I couldn’t resist the implication that a real AI model available to the public can act on its own.

My wish was granted in under two weeks. Early on a Monday in the middle of August, I received notification that Perplexity had let me off of their waitlist and sent me a download link for Comet. I downloaded it and began seeing what it could do.

First impressions

It took me a while to figure out how to engage the agentic side of Comet. The “Assistant” button didn’t seem to work right away, which confused me. But I did appreciate the convenience of having access to most of the major models right on the new tab page.

Comet browser new tab Comet by Perplexity: the default page is very sparse, but they make it easy to choose between models from Anthropic, OpenAI, and xAI

After figuring out how to access Comet Assistant, I set it to work. It’s first task was to create an account on my website, read the documentation, and write a Python program that uses the authentication API. I had a new account and valid Python code returned to me in under three minutes. Unfortunately, the Assistant was confused by the different API versions, but that mistake was quickly corrected when I specified the which version to use.

I demoed Comet Assistant at work, and I gave it a hard task for the demo. I told it to find parts on Digikey which match specific criteria, and the criteria had no search filter for the parameter. Once the Assistant caught onto the lack of a search filter, it scanned a number of PDF documents and returned five correct parts.

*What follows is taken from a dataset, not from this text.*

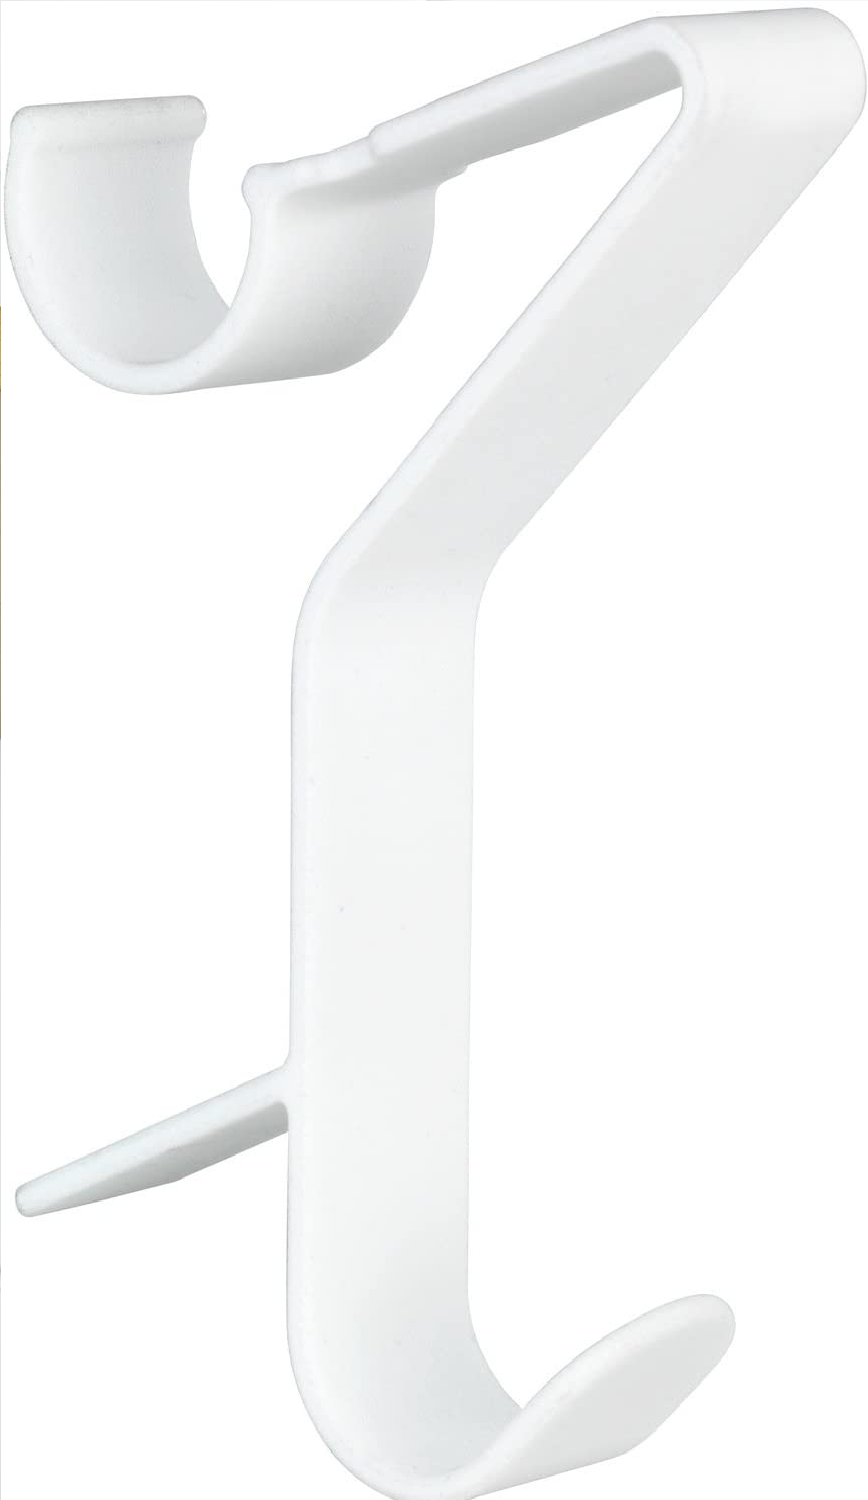 Haken für Handtuchheizkörper Universal Flexi - Heizkörperhaken, Kunststoff (ABS), 2.5 x 13.5 x 8.5 cm, Weiß

Just to see if it could be useful for automated tests, I asked Comet Assistant to change a setting in a React app. This was its first big blunder. From what I can tell, Comet Assistant uses URL and DOM manipulation instead of mouse clicks and keyboard input. This is a problem for React or other environments where JavaScript is used heavily. Comet could only scroll through the page and select text inputs, which made it useless for testing.

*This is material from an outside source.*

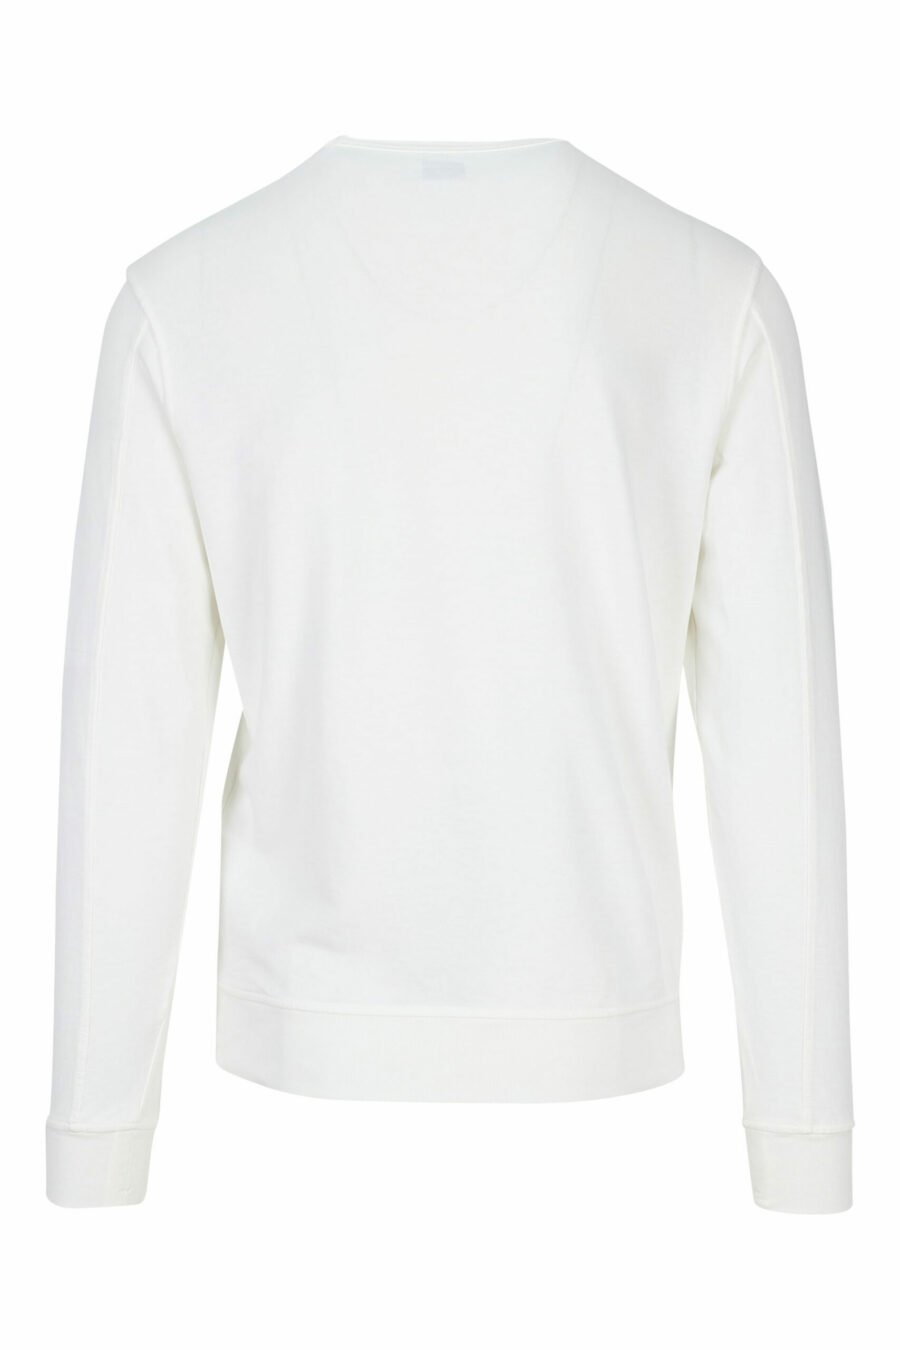 Weißes Sweatshirt mit Minilogue-Seitenlinse - 7620943591705 1 skaliert

As a final test, I asked it to create a license key on my website and then sign up as a user with that key. The goal it was given was to evaluate the user experience of the whole process. While it did eventually give me feedback, it was overly nice. The feedback it gave makes me think that it doesn’t really “see” the web in a graphical sense, which limits its usefulness. On the plus side, it prompted me for confirmation before pressing a button labeled “delete”. While such prompts could become overbearing for certain tasks, I really appreciate seeing this sort of thoughtful design from the team at Perplexity.

Conclusion

As someone who has been broadly skeptical of the promises made by AI companies, I have to applaud Perplexity for changing my mind. While Comet is still extremely new to the market, it shows immense promise. I rate Comet a 6/10, because while it succeeds at many things, it also falls short of its lofty goals. Comet is not a mature product, but its story has barely been written. If things continue on this path then it will become truly great.

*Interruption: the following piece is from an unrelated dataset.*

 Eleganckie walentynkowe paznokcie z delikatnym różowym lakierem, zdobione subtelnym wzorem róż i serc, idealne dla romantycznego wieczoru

Specifically, Comet Assistant could benefit from learning how to click and type, and stay on task for longer. These changes alone would drastically increase its versatility. Comet Assistant should also have the ability to view a rendered page. Perhaps this could be handled locally to help with speed—Comet is a full-fledged program, so it’s not very limited on resources.

Postscript

The “chat” modality of LLMs doesn’t feel very natural due to the variety of questions and answers they can handle. These models are capable of teaching, writing, research, code generation and debugging, and companionship. Forcing all of that to go through an interface that looks just like Instagram DMs is extremely awkward and is absolutely an area ripe for improvement. To some extent, it already is being improved by Comet and a plethora of other startups selling AI wrappers. A truly mature AI/LLM product offering should be able to integrate right into video players, document editors, web browsers, IDEs and existing social media apps. You wouldn’t expect your coworker to type a whole research report or code review into Slack—we have Word and Git for that—so why should you lower your expectations for AI?